Eric Adams, a former police captain, has won the Democratic primary for mayor of New York City after appealing to the political center and promising to strike the right balance between fighting crime and ending racial injustice in policing.
Adams would be the city’s second Black mayor if elected. He triumphed over a large field in New York’s first major race to use ranked-choice voting.
As of Tuesday evening, Adams had a lead of one point over his closest rival, Kathryn Garcia, according to the latest count of ballots. The Associated Press declared Adams the winner of the race shortly after a new round of vote totals was released.
“I grew up poor in Brooklyn and Queens. I wore a bulletproof vest to keep my neighbors safe. I served my community as a state senator and Brooklyn borough president,” Adams said in a statement shared on Twitter. “And I’m honored to be the Democratic nominee to be the mayor of the city I’ve always called home.”
Tuesday’s updated vote count included some 125,000 absentee ballots. In-person and early votes were previously published on 29 June, when Adams had the lead.
The winner of the Democratic primary is likely to win the mayoral election proper in November, given the left-leaning politics of the city and an unheralded Republican opponent. Curtis Sliwa, a talk radio host and founder of the Guardian Angels volunteer crime prevention group, won the Republican primary.
Adams’ closest vanquished rivals included Garcia, the former city sanitation commissioner who campaigned as a technocrat and proven problem-solver, and the former city hall legal adviser Maya Wiley, who had progressive support including an endorsement from Alexandria Ocasio-Cortez.
Andrew Yang, the 2020 presidential candidate known for his proposed universal basic income, was an early favorite but faded in the race.
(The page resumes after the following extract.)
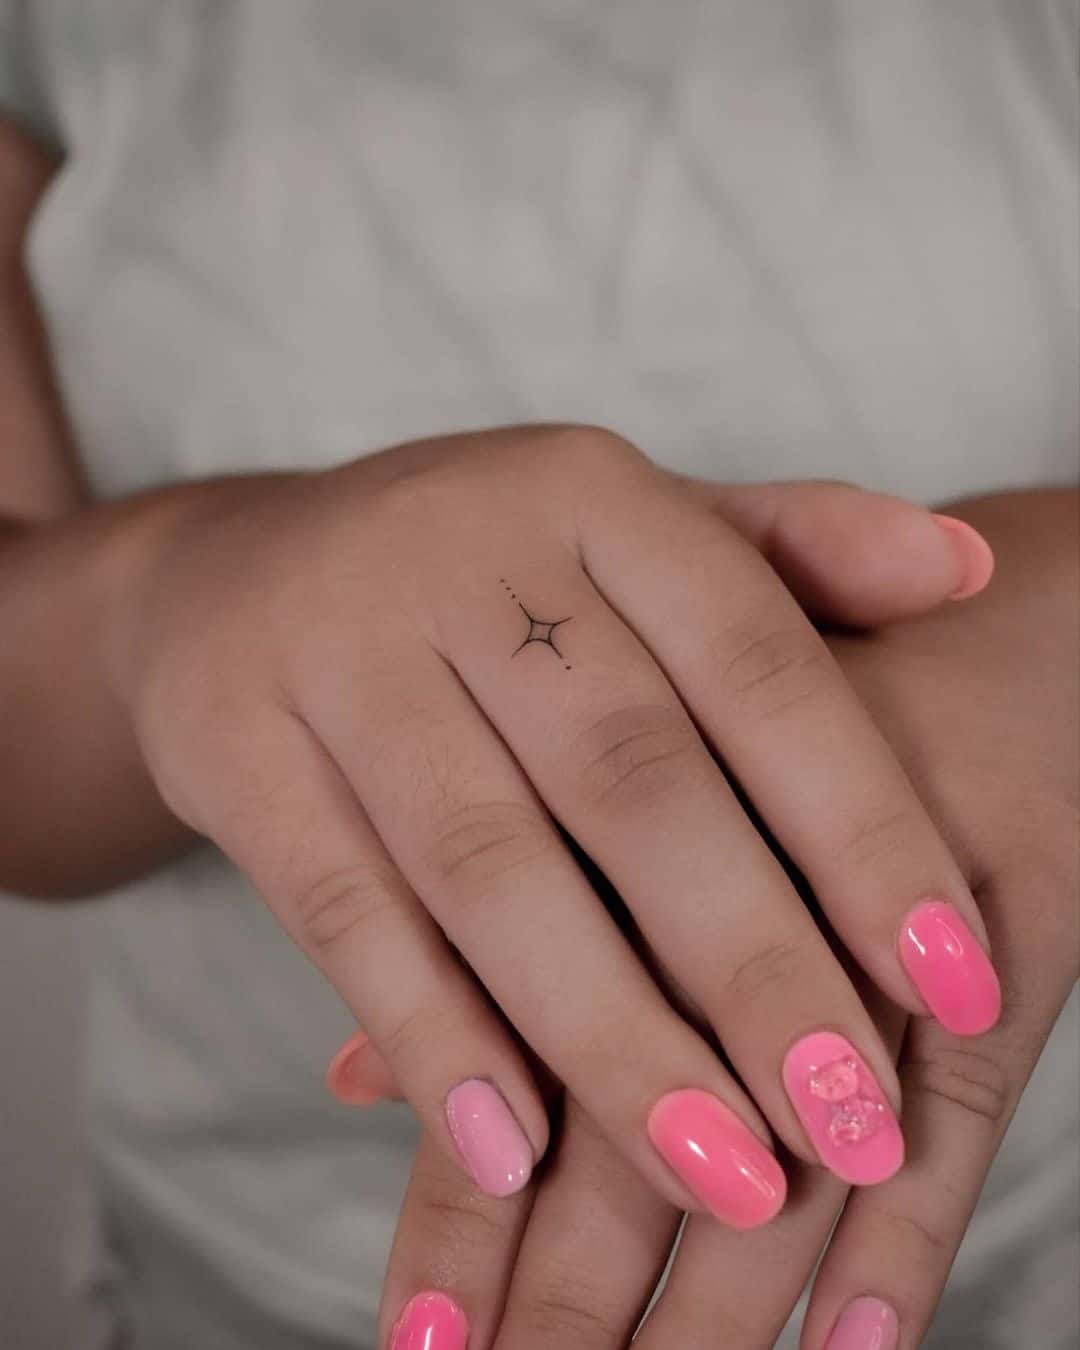 Star on finger tattoo by tatuajesimpulsoazul

Adams, 60, is a moderate Democrat who opposed the “defund the police” movement. “We’re not going to recover as a city if we turn back time and see an increase in violence, particularly gun violence,” Adams said after three people, including a four-year-old, were shot and wounded in Times Square in May.
“If Black lives really matter, it can’t only be against police abuse. It has to be against the violence that’s ripping apart our communities,” he told supporters on the night of the primary.
Adams speaks frequently of his dual identity as a 22-year police veteran and a Black man who endured police brutality himself as a teenager. He said he had been beaten by officers at age 15. He became a police officer in 1984 and rose to the rank of captain before leaving to run for the state Senate in 2006.
While in the police department, he co-founded 100 Blacks in Law Enforcement Who Care, a group that campaigned for criminal justice reform and against racial profiling. After winning a state senate seat from Brooklyn in 2006, Adams made an impression with an impassioned speech favoring same-sex marriage rights in 2009, two years before New York’s state legislators passed a marriage equality bill.
Adams also weathered a few controversies, including a 2010 report from the state inspector general that faulted his oversight of the bidding process to bring casino gambling to the Aqueduct Racetrack in Queens. Adams had accepted campaign contributions from a politically connected group bidding for the gambling franchise.
Adams was elected in 2013 as Brooklyn borough president, his current job.
The city’s first experience with ranked-choice voting in a major election was bumpy. The New York City board of elections invited fresh criticism on Tuesday when it published the results after 7pm local time, having earlier pledged to reveal the totals at “brunch hours”.
The delay came after the board managed to plunge the Democratic primary race into chaos last week, when it mistakenly included 135,000 “test ballots” in its vote tally.
The mistake showed Kathryn Garcia, New York’s former sanitation commissioner, narrowing the gap on Eric Adams, the Brooklyn borough president, to less than two points.
Hours later, however, the board of elections said it had become aware of a “discrepancy” in its report. The elections board said its calculations had included “both test and election night results, producing approximately 135,000 additional records”.
The error sowed confusion around the system of ranked choice voting, which was used for the first time in a New York City mayoral election this year.
Adams, Garcia and Wiley all filed lawsuits last week seeking the right to review the ranked choice tally.
Wiley said in a statement Tuesday that the board “must be completely remade following what can only be described as a debacle”. As for herself, she said her campaign would have more to say soon about “next steps.”
On Tuesday morning, as voters speculated as to when the second batch of results would be released, the board of elections had adopted a glib tone on its Twitter feed.
“We promise today’s release is more brunch special vs club hours,” the BoE tweeted. That tweet was sent at 8.48am, but it was well past most people’s definition of brunch hours by the time the results finally arrived.